1.Where babies come from
Arguably no parent is ever ready, nor indeed understands when the time is right to have a chat about the birds and the bees. Truth is, you may not be the first person to have the chat with them, so the earlier the better. That way, you can be in control of the messages that they receive about sex and relationships, not their mate on the bus, or an article they have googled, or even cousin Jane when she last paid a visit. Don't be afraid that you will be in some way promoting sexual promiscuity or planting something in their heads that they choose to experiment with; the evidence does not bear this out. Children who have open conversations with their parents about sex throughout their teen years are far less likely to engage in risky behaviour later on.

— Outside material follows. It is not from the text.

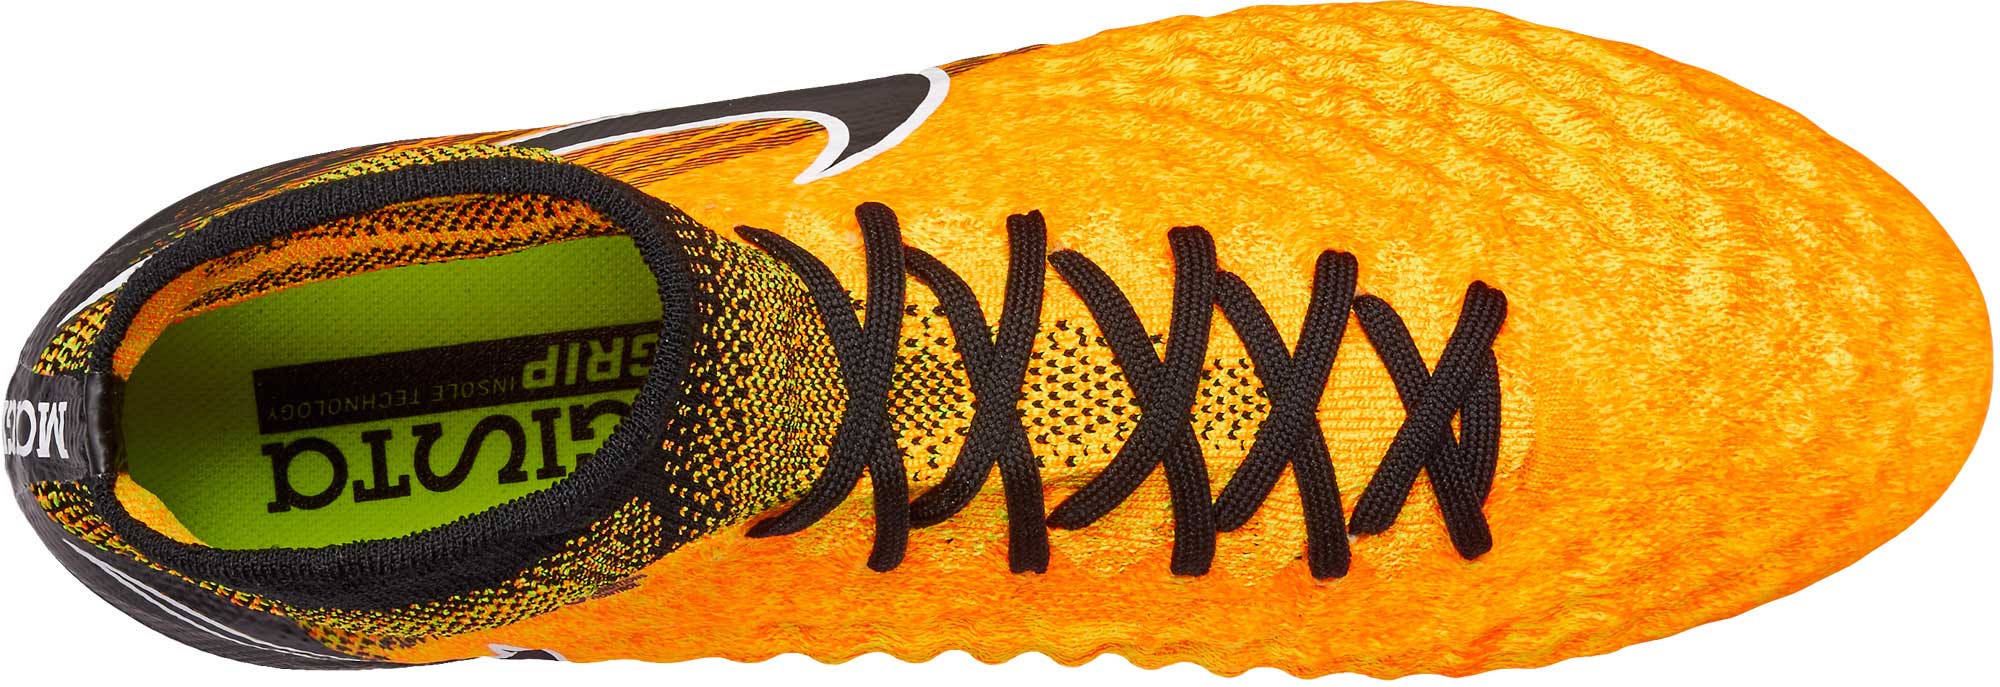 Nike Magista Obra II - Orange Cleats

2.How to navigate the internet
Think of it this way. The internet is like a very large dustbin and if you allow your children to simply hunt around it, without proper equipment, guidance or controls, you are asking for trouble. The internet is not just available on the home computer where you can peek over their shoulder; it is on their friends' computers and handheld devices too. You have one weapon at your disposal: open and transparent conversations about what lies beneath. After you have done this, and they know you are their first port of call should anything scary pop up, you can focus on the joys of surfing the web! Once children understand digital hygiene and how online activity will leave a digital tattoo, they can learn to embrace the benefits of the Web, its learning potential and maximise on the opportunities it offers. A useful analogy might be: now they have washed their hands, they can start cooking! To have any hope of reaching their potential, our children need to become digital natives.
3.How we experience Loss
It always surprises me how few parents talk to their children about loss, grief or sadness and importantly, how we recover from emotionally upsetting experiences. We can't expect our children to learn 'on the job' as it were. We need to talk about what it feels like to lose someone dear to our hearts, precisely so we can model our resilience. Pets and people die, a normal reaction is to feel sad and perhaps shed tears, but over time we will adapt and learn to live again. That is the message our children need to hear. Sheltering them from the vocabulary of grief is unhelpful. As their parents, we need to explain that life is full of troughs and peaks (hopefully more of the latter), but that this is part of being human. I believe that children inherit fear and we give them a great gift by telling them that challenging things will happen, but that there is life beyond these experiences.
4.Why learning matters
Children are natural learners. They need no persuasion to start playing, finding adventure or dreaming and imagining new worlds. Sustaining this curiosity for learning is critical to academic success and well-being. By loving learning, by being a family committed to life-long learning, we model an approach to life that is appreciative and open to challenges and opportunities. If you only do three things: model this approach, teach them to question everything and encourage a sense of adventure within family life.
5.How a democracy works
We live in a troubled world. Amid the chaos, disorder and fragmentation, teach your child the values that you believe in, and explain why you hold them. Teach them to value living in a society where people are free to express their views, to have respect for the Law and help them understand the consequences for those who break it. Help them to weigh up and think about contemporary social issues and politics. Don't expect or hope that they will agree with you about everything. The key point is to encourage them to think critically about what they see and read around them, so that one day, they might hold views born from their own intuition, experience and thought-processes. In short, teach them to care about the society around them, and the importance of trusting one's judgment.